Lalsalu
- Author: Syed Waliullah
- Language: Bengali
- Genre: Novel
- Published: 1948
- Publication place: Bangladesh
- Pages: 110

= Lalsalu =

Book by Syed Waliullah

Lalsalu is a novel by Syed Waliullah published in 1948 by Comrade publishers. It is a classic of modern Bengali literature. Waliullah was conferred Bangla Academy Award for this debut novel in 1961. By 1981 the book's 10th edition was published.

==Plot summary==
The novel starts with the description of Mohobbotnagar village and the difficulties of village life. A clever man named Majid arrives in the village and realizes that most of the men in the village are simple minded and can easily be fooled through religious superstitions. Majid starts scolding the villagers claiming that they haven't taken care of the grave of the Mudassir Pir (which literally means unknown holyman) and tells them a made up story of a pir (Religious leader) showed him a dream that his grave is not being taken care of and that the people of that area are sinners.
Almost every one of the village believed Majid's story including the so-called head of the village, Khalek Bepari. Majid makes a good impression on everyone in the village including Khalek Bepari. The villagers repaired the grave, made a majar (Shrine) and a house for Majid. Majid then starts living there and becomes wealthy by fooling the people of the village with the means of fake religious teachings. Majid also marries Rahima, a widowed lady who is an obedient wife. Majid faces many problems as few people go against him such as Hasuni's grandfather, Khalek Bepari's senior wife, Akkas Mia for establishing a school and the arrival of a great Pir in Awalpur. But very cunningly he solves all these problems. Majid later also marries a teen girl named Jamila (as a second wife), who later on get punished for going against Majid's false teachings which results her being tied up near the holy shrine.

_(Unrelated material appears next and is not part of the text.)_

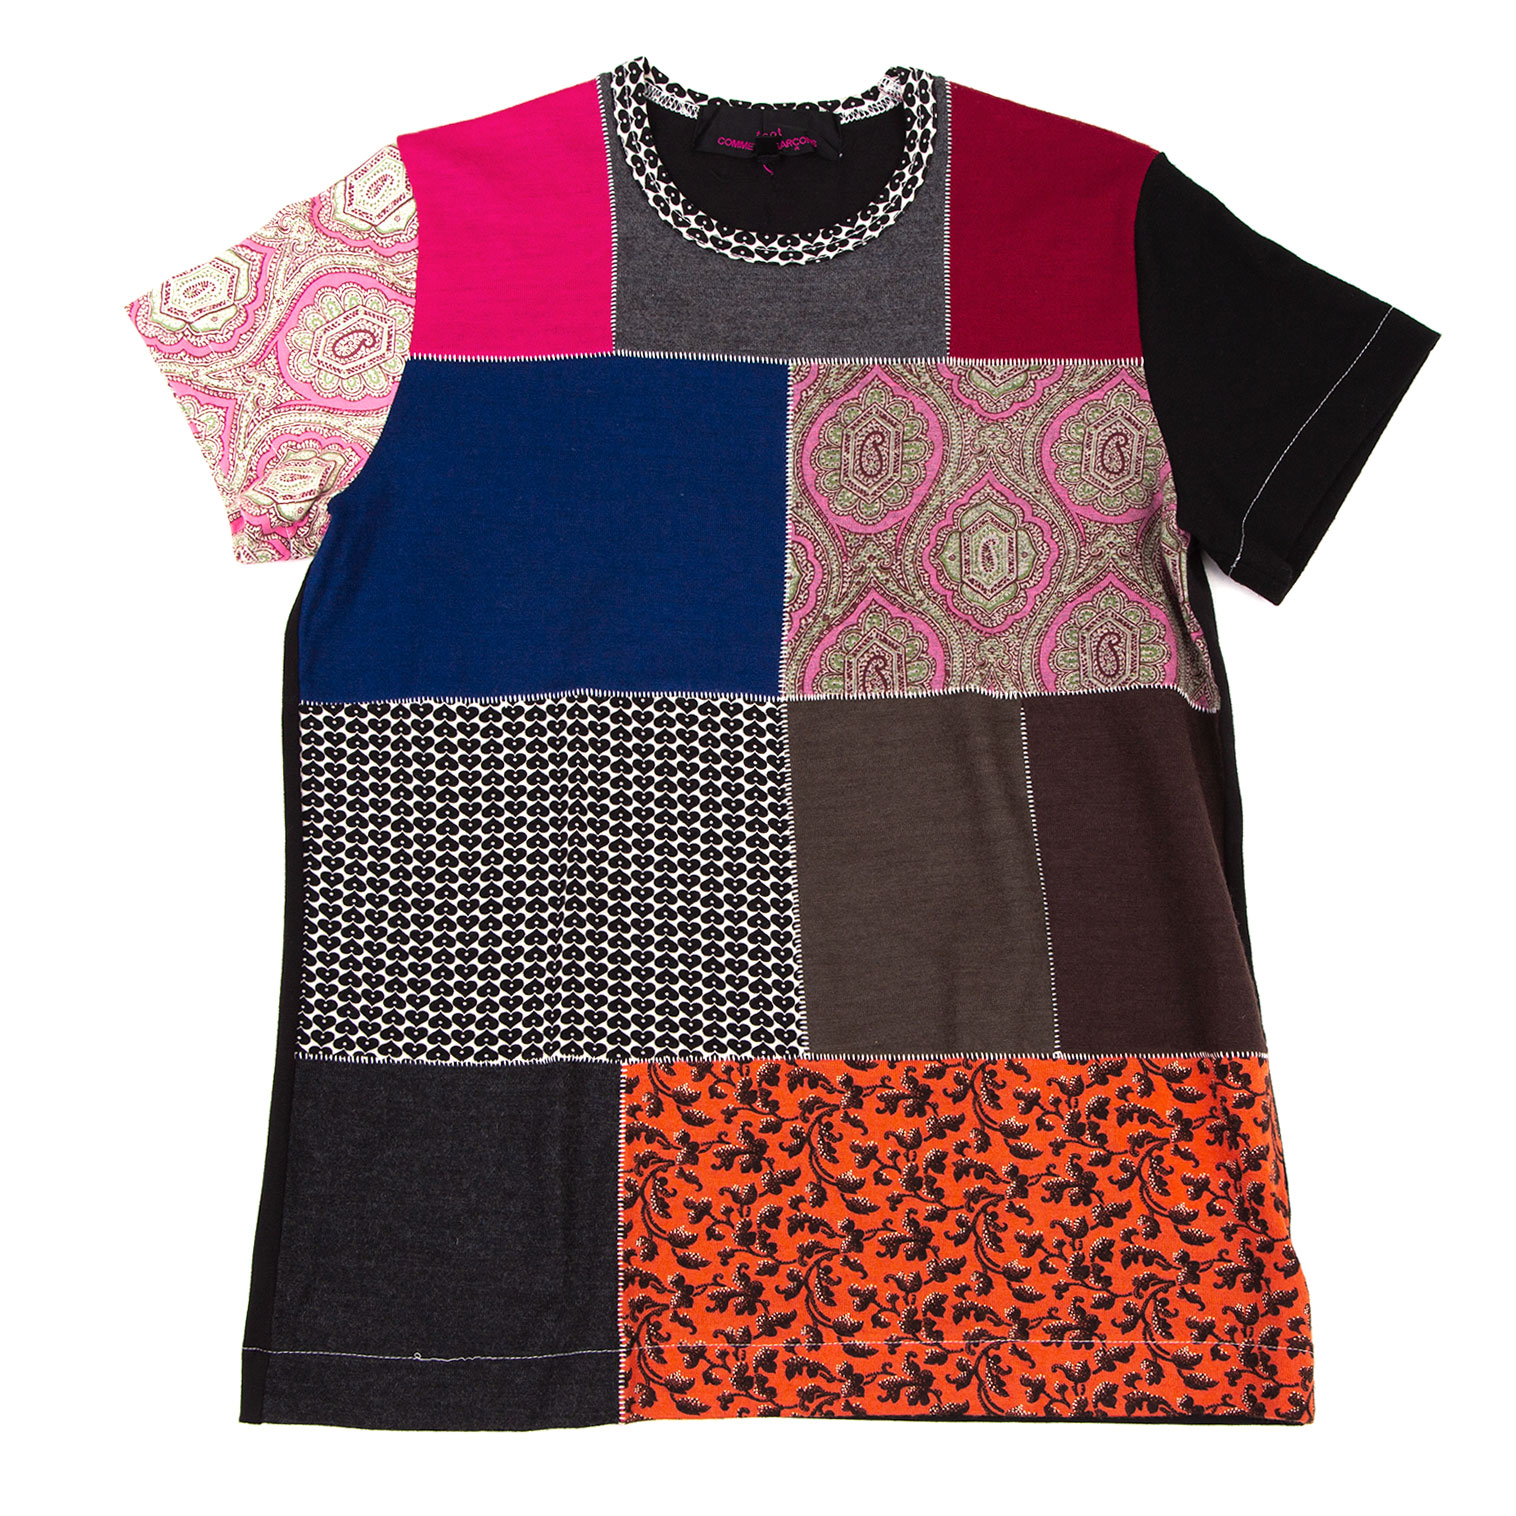 tricot COMME des GARCONS パッチワーク Tシャツ $ - Tシャツ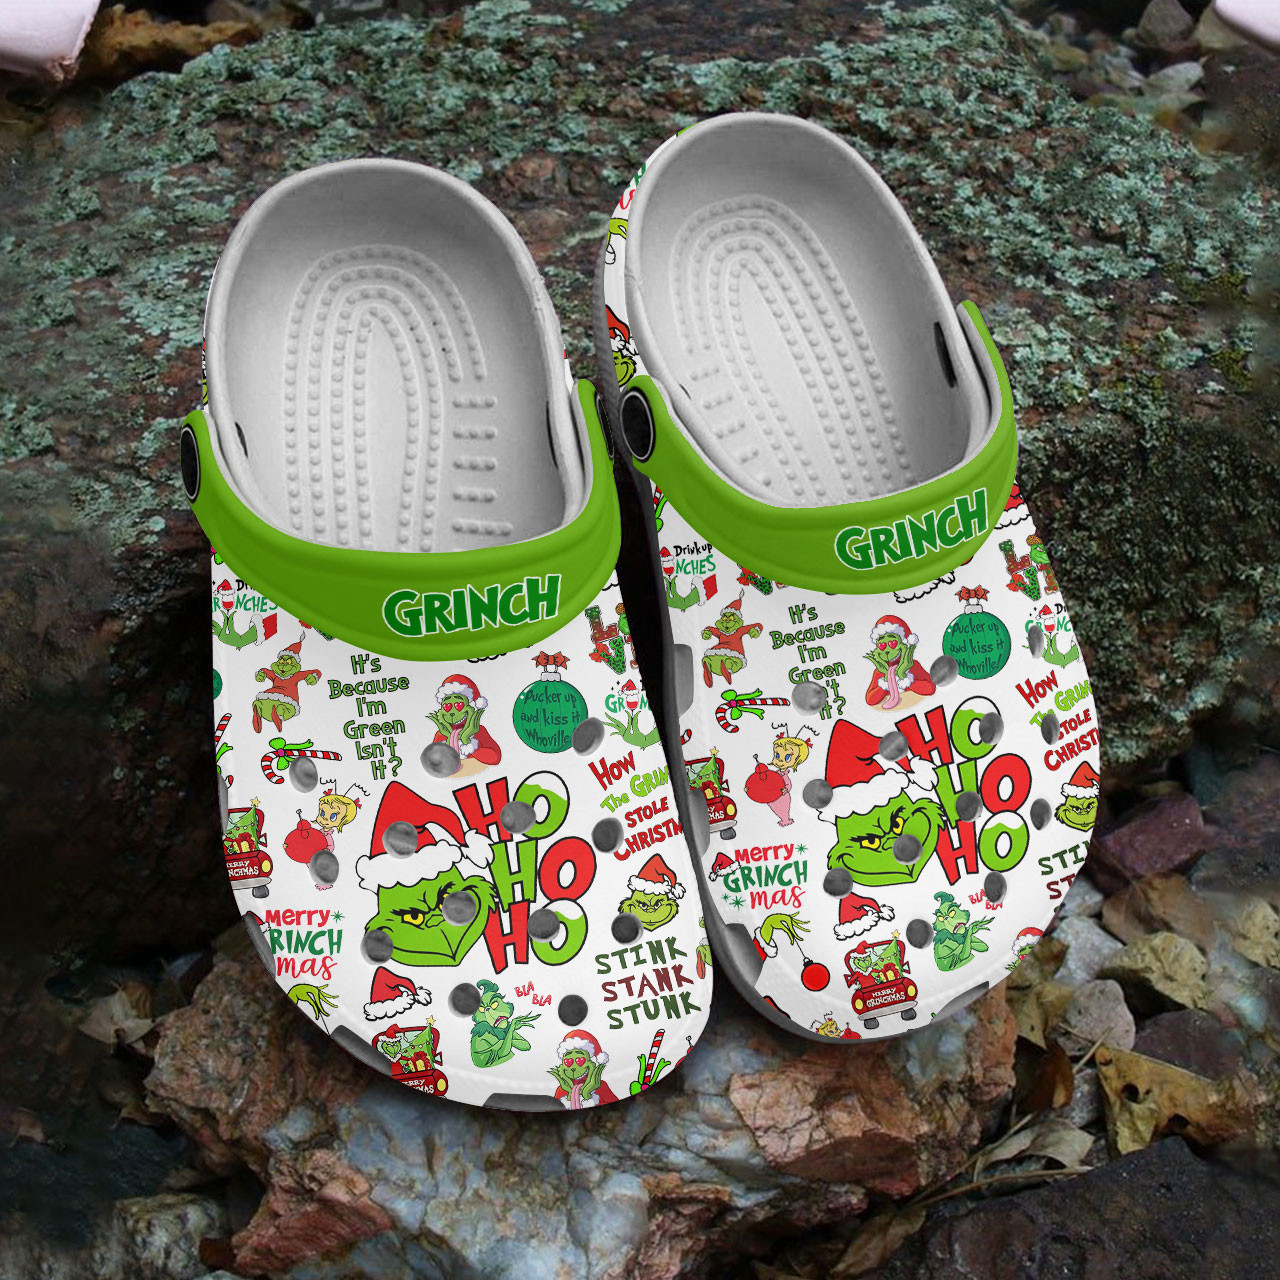 GSS0111302 3, Comfortable And Eye-catching Unisex Funny Grinch Crocs, Express Shipping Available, Comfortable, Eye-catching, Funny, Unisex

Majid's true character is slowly revealed throughout the story but the villagers are too simple-minded to understand his tricks from the very beginning.

==Reception==
The novel was translated to English by the author himself with the title "Tree Without Roots" in 1967 by Chatto and Windus Ltd. The French translation was made by the author's wife Anne Marie Thibaud with the title "L'arbre sans racines" by Editions du Seuil. Besides, the book was translated in Urdu, Czech and German languages.

==Adaptation==
The book was made into the well-received 2001 film with the same title, starring Raisul Islam Asad. The film was directed and produced by Tanvir Mokammel. In 2003, the film earned eight Bangladesh National Film Awards, including the Best Film.